Provided information:
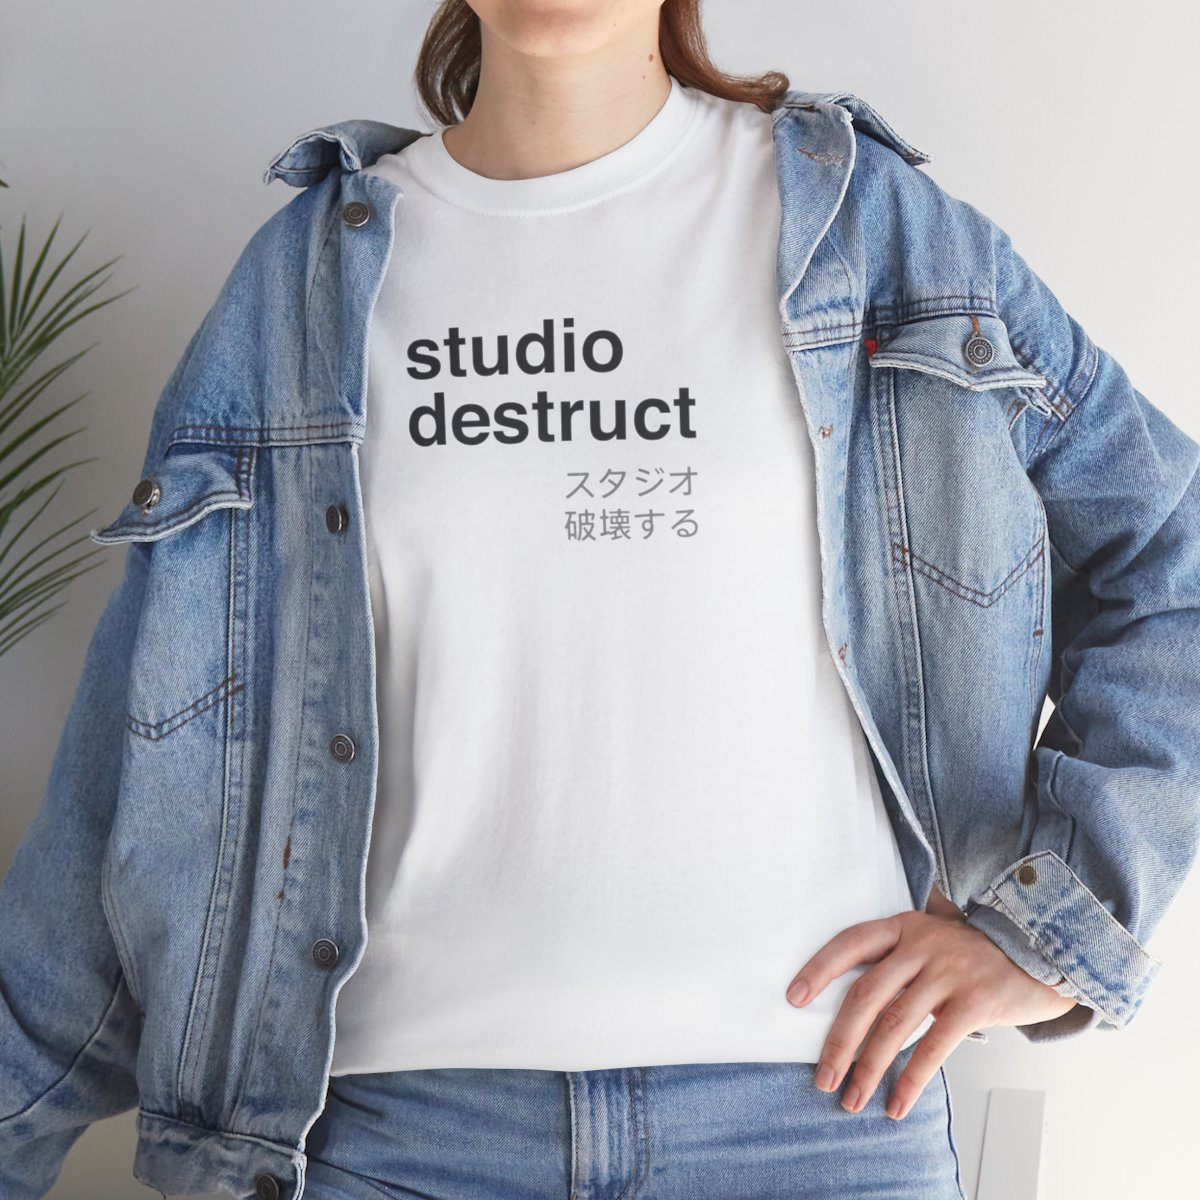 Studio Destruct LITE T-Shirt product thumbnail image
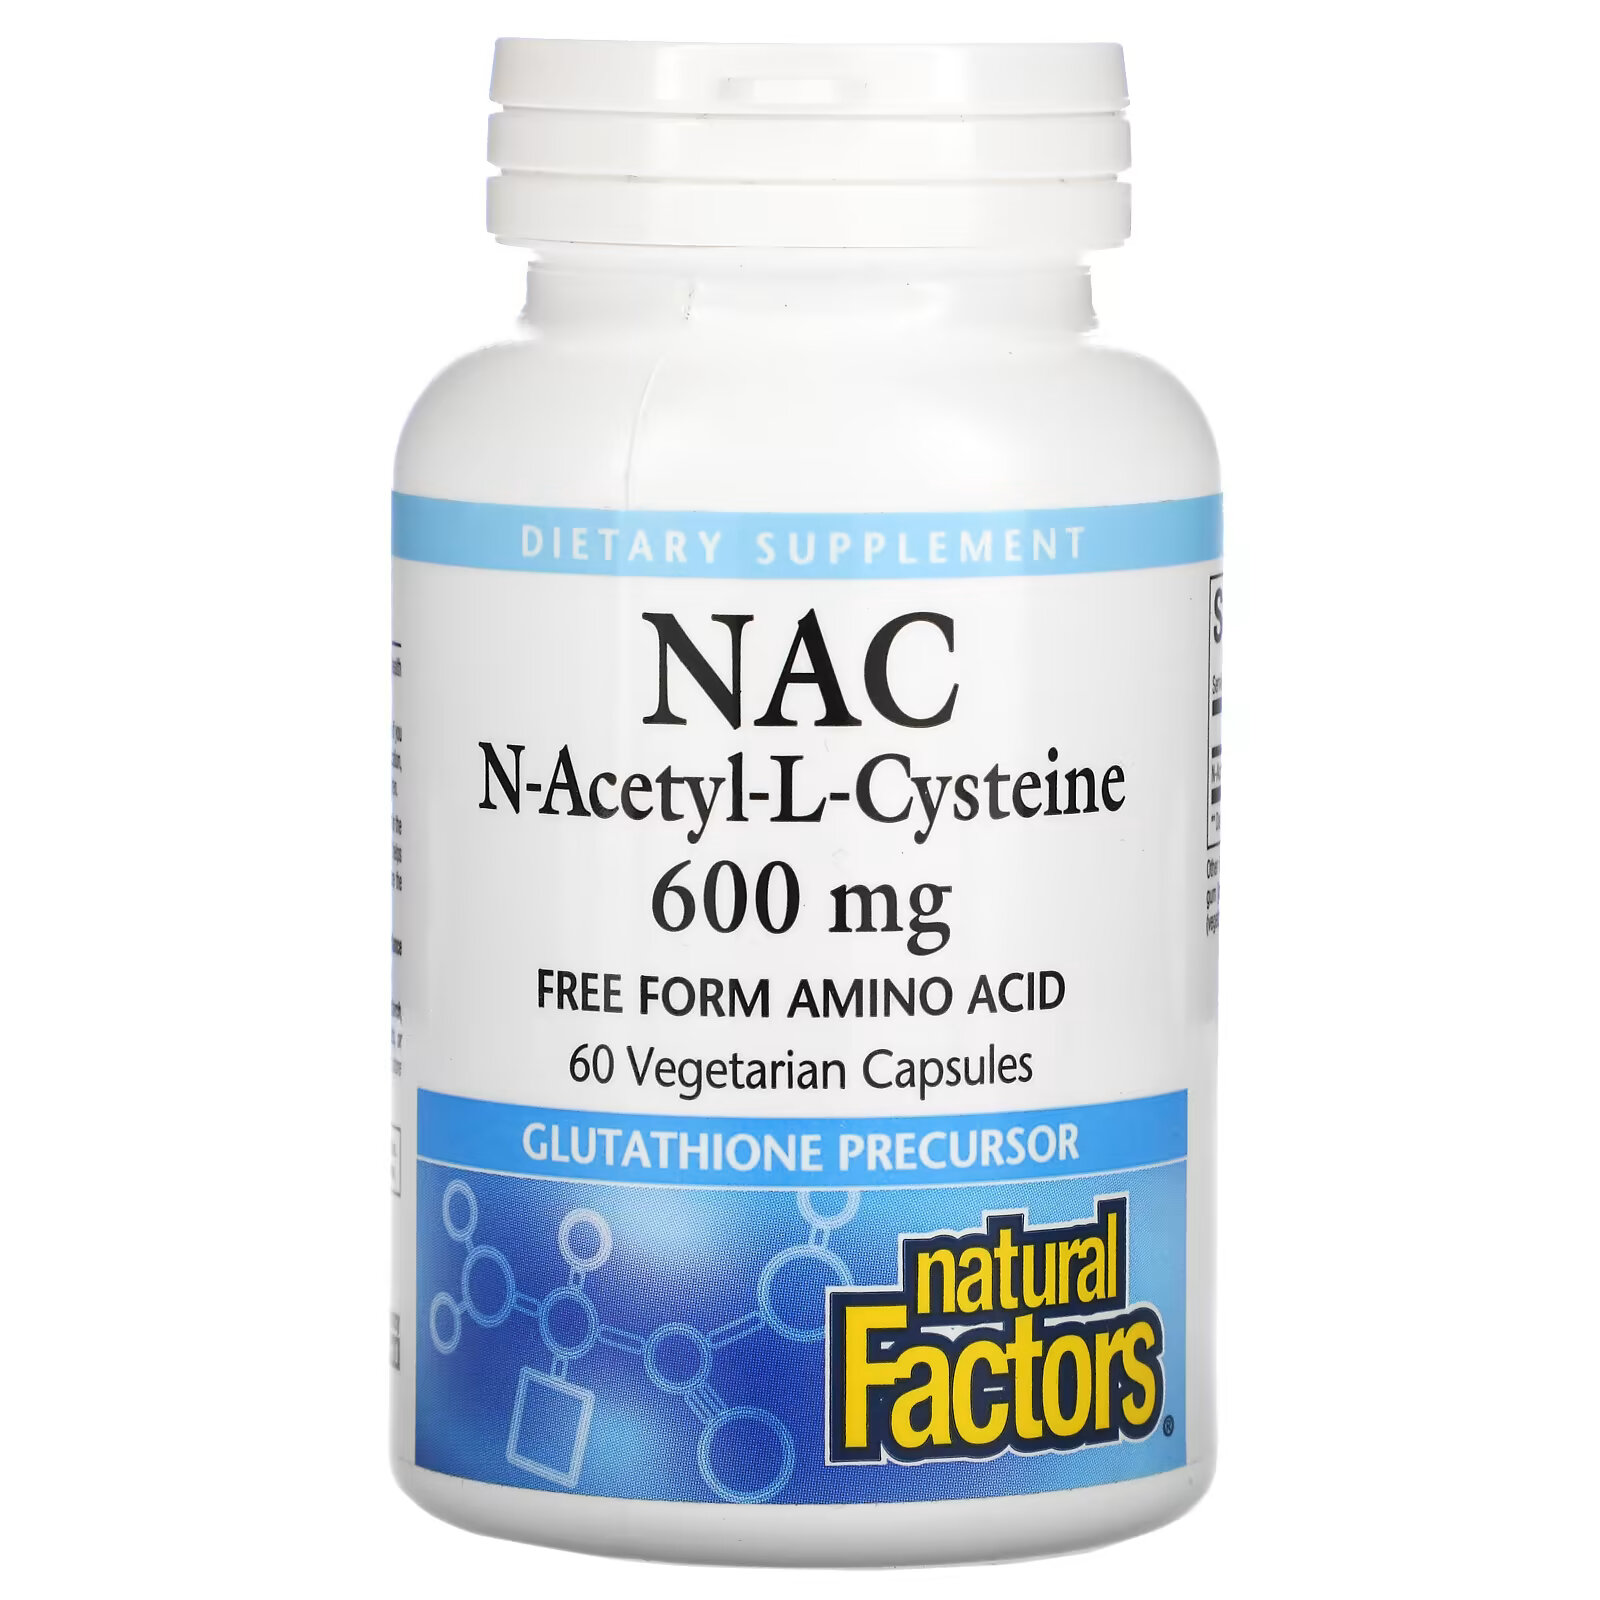 life extension n ацетил l цистеин 600 мг 60 капсул Natural Factors, NAC N-ацетил-L цистеин, 600 мг, 60 вегетарианских капсул
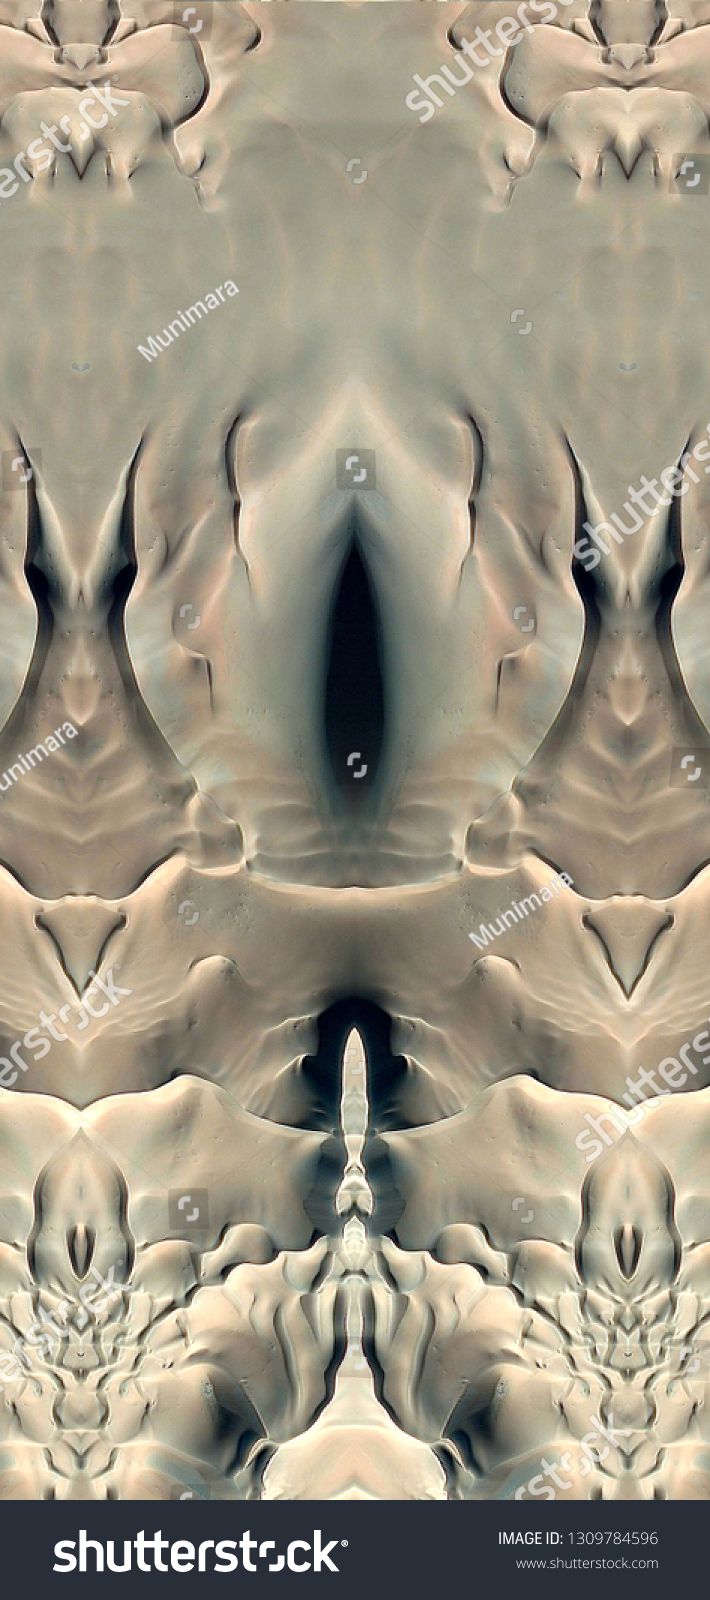 Sex Pussy Vulva Clitoris Vagina Orgasm Stock Photo
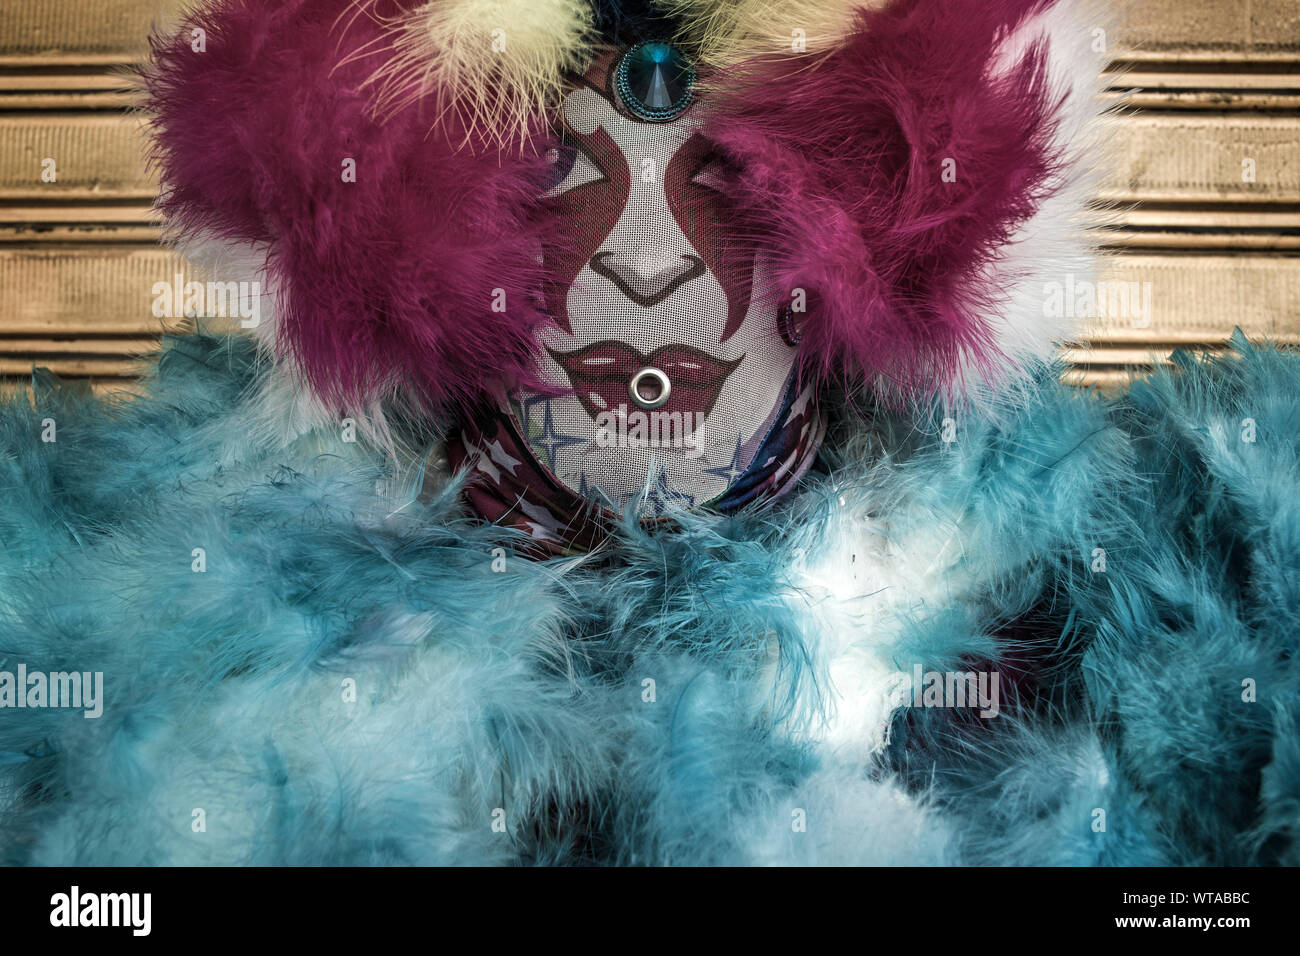 Carnival costume of Bate-bola group member Stock Photo
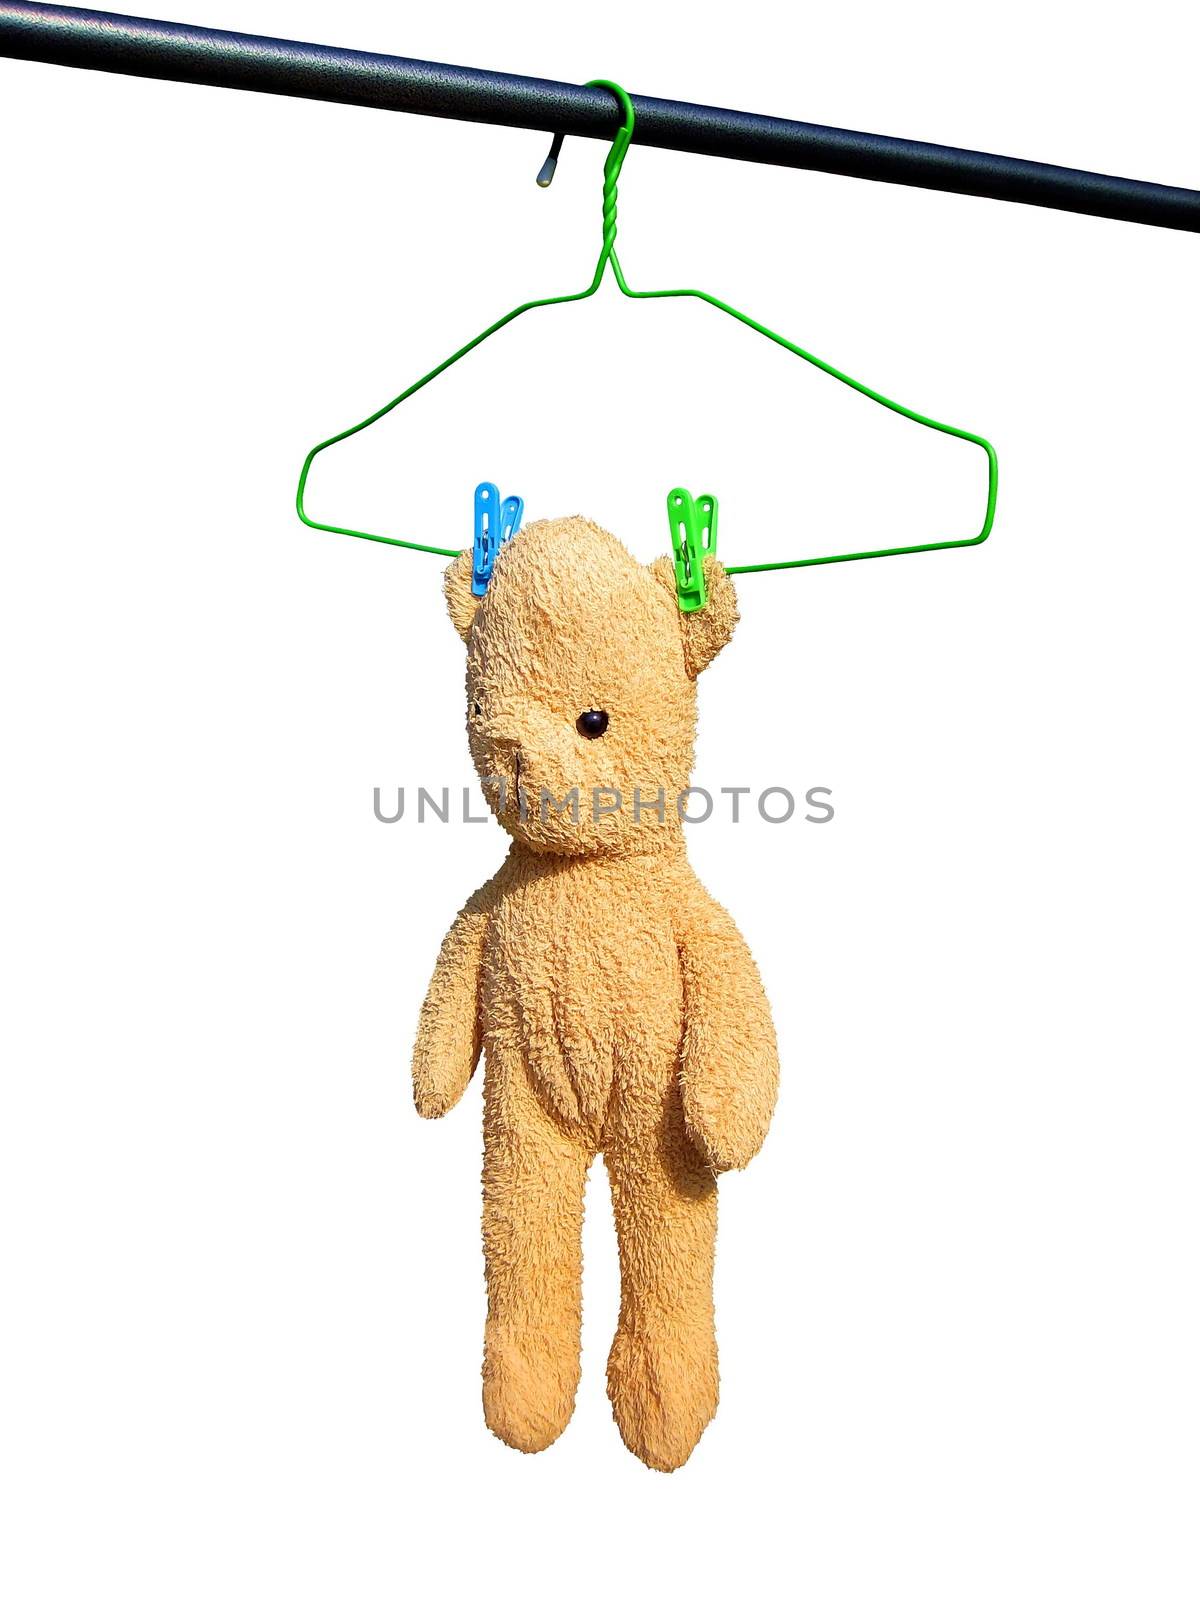 A teddy bear hang on clothes line.

Activity: Restate all of the material word for word. Keep out every picture.

Response area:
 Studio Destruct LITE T-Shirt product thumbnail image
 life extension n ацетил l цистеин 600 мг 60 капсул Natural Factors, NAC N-ацетил-L цистеин, 600 мг, 60 вегетарианских капсул
 Sex Pussy Vulva Clitoris Vagina Orgasm Stock Photo
 Carnival costume of Bate-bola group member Stock Photo
 A teddy bear hang on clothes line.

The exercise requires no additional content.